Investigating xgboost Exact scalability

xgboost is a very well known Machine Learning technique based on Gradient Boosted Trees. The default xgboost is an exact method, which does not use pinning, and is significantly slower than the histogram-based version (fast histogram).

Two questions were asked recently about xgboost:

do I see it right that less threads than physical cores can provide fastes runtime?
interesting. so without fast hist, it’s a different story?
It is a whole new story.

Context

You may have seen my recent blog post (Getting the most of xgboost and LightGBM speed: Compiler, CPU pinning) which compares two compilers (Visual Studio and MinGW) and CPU pinning/roaming to find the best software setup configuration to run xgboost and LightGBM as fast as possible under Windows:

  • We should use Visual Studio to compile xgboost and LightGBM
  • CPU pinning seems useful for xgboost

The question of the day

What happens if we look now at xgboost exact? This is the topic of today, and we will go straight to the results as the benchmark setup is identical to the previous blog post.

The only differences are the following:

  • Exact xgboost instead of fast histogram
  • Every run is repeated twice

Benchmark results: from xgboost Exact to Fast Histogram

The Bosch dataset is very large: 6,000+ seconds is what a user should expect to spend training using the fastest available machine learning libraries at that time.

Big Data software (Hadoop / Spark etc.) is not what will save you from longer runtimes, what matters here are the algorithm and the performance optimizations. xgboost Exact can be viewed as approximately 10 times faster than R’s gbm and scikit-learn Gradient Boosting.

The Bosch dataset is very large for machine learning

As we directly look at the runtimes, we can find a large runtime slash when increasing the number of threads, between respectively:

  • Roaming CPU: 6,255.4s (1 thread) to 263.7s (22.7x faster)
  • Pinned CPU: 6,487.5s (1 thread) to 266.3s (23.4x faster)
xgboost literally takes forever to learn

xgboost seems to scale very well when adding more and more threads. We are going to qualify whether it scales very well or not in a more appropriate chart.

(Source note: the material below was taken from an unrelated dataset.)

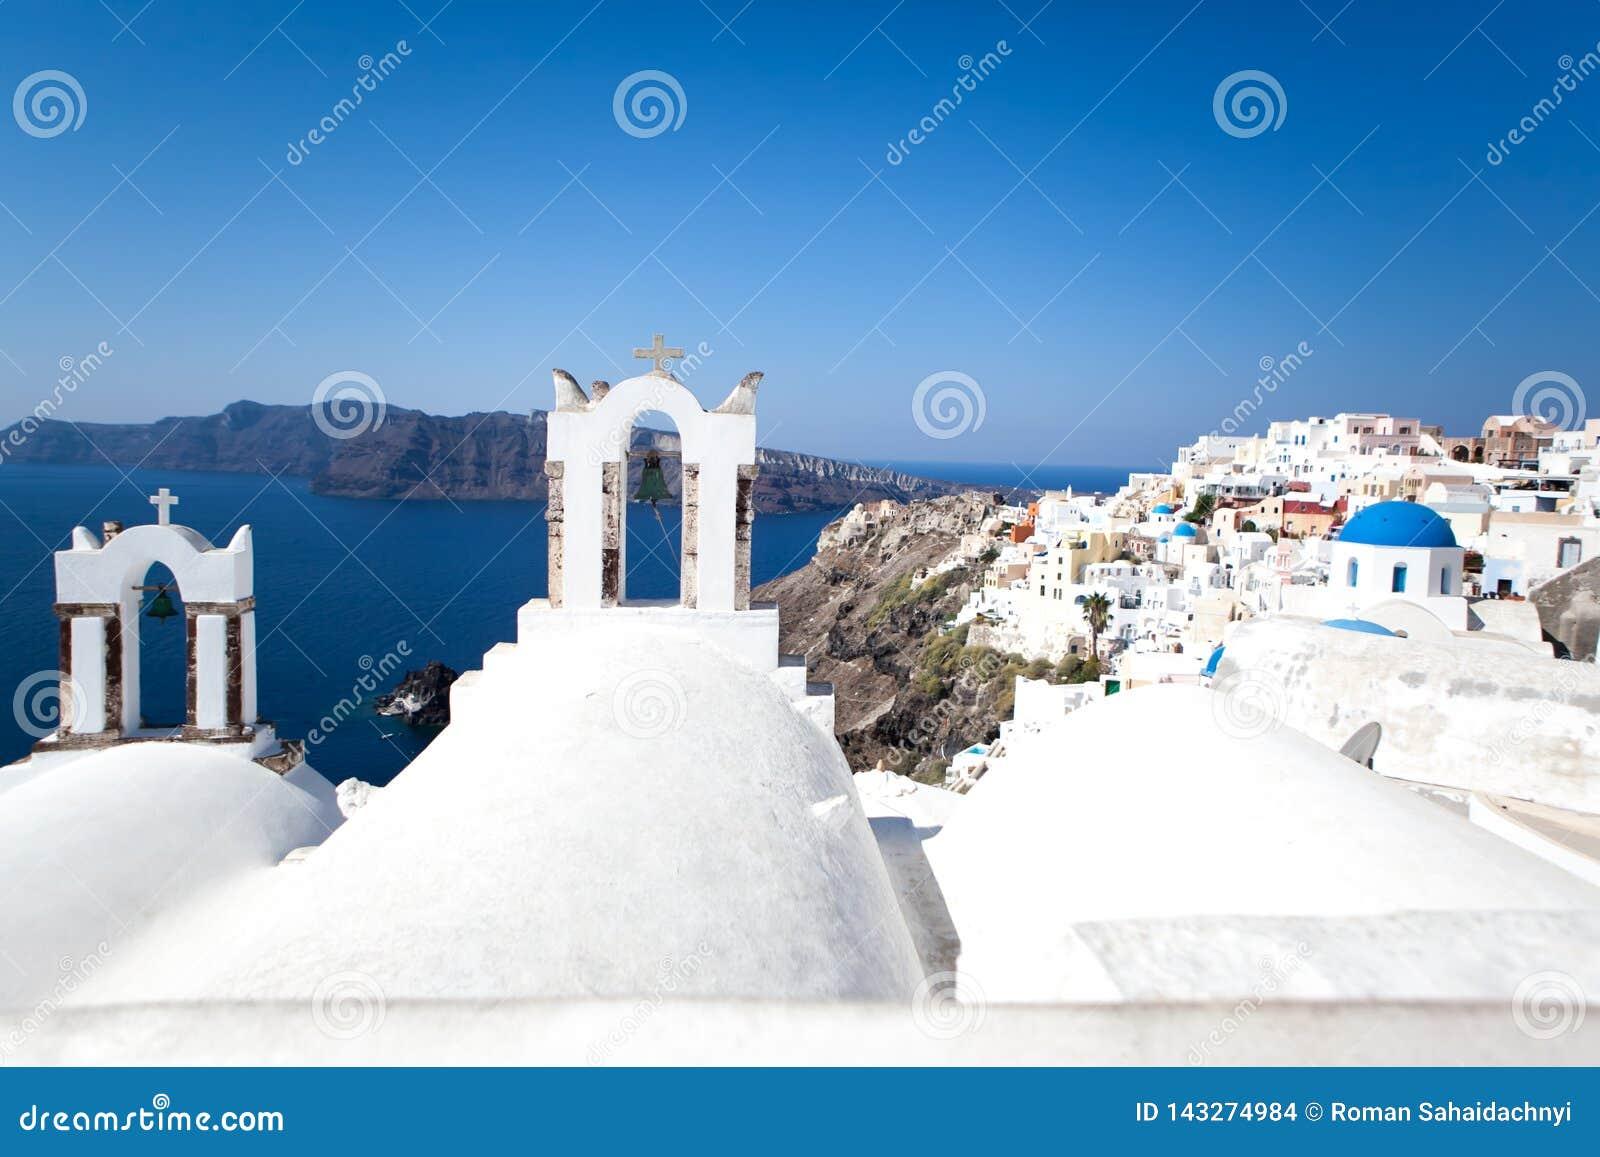 Oia stad op Santorini-eiland, Griekenland Traditionele en beroemde witte huizen en kerken met blauwe koepels over de Caldera
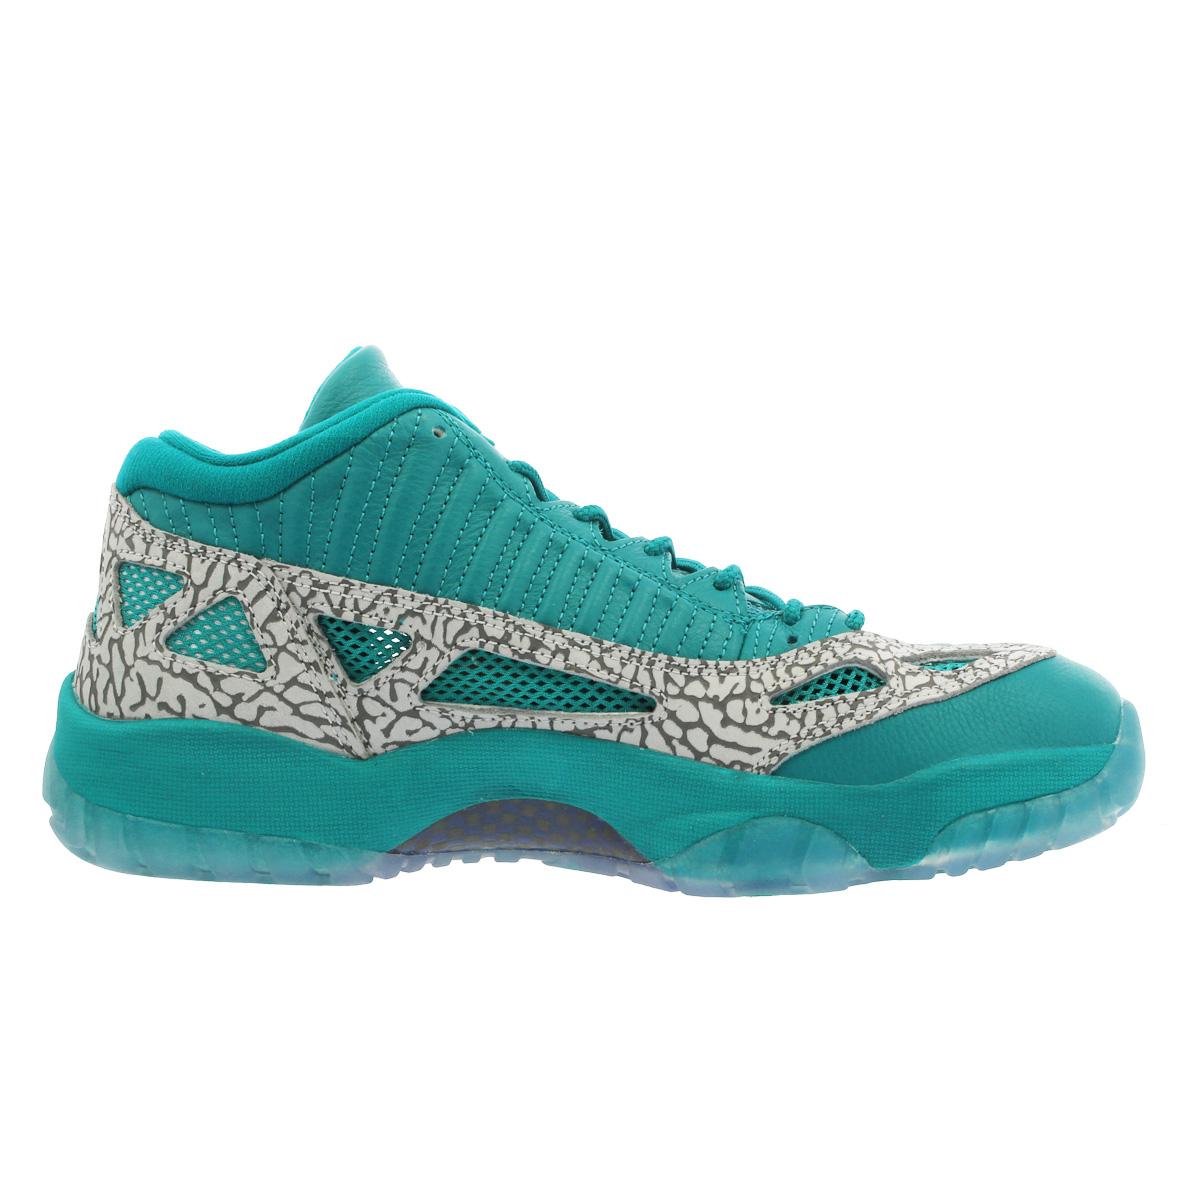 bd3fb3cabc7d8c NIKE AIR JORDAN 11 RETRO LOW IE Nike Air Jordan 11 nostalgic low RIO TEAL CEMENT  GREY 919

An ample reminder of the evolution between xgboost Exact and xgboost Fast histogram can be visualized below:

Approximately 8 threads and 120 seconds?!

With the histogram technique available first on LightGBM, xgboost Fast Histogram allows to slash the training time from 260 seconds (using a monster 56 threads) to 120 seconds (using a mere 8 threads only): a 117% performance increase for a similar model performance and using 7 times less computing power seems the best of the world!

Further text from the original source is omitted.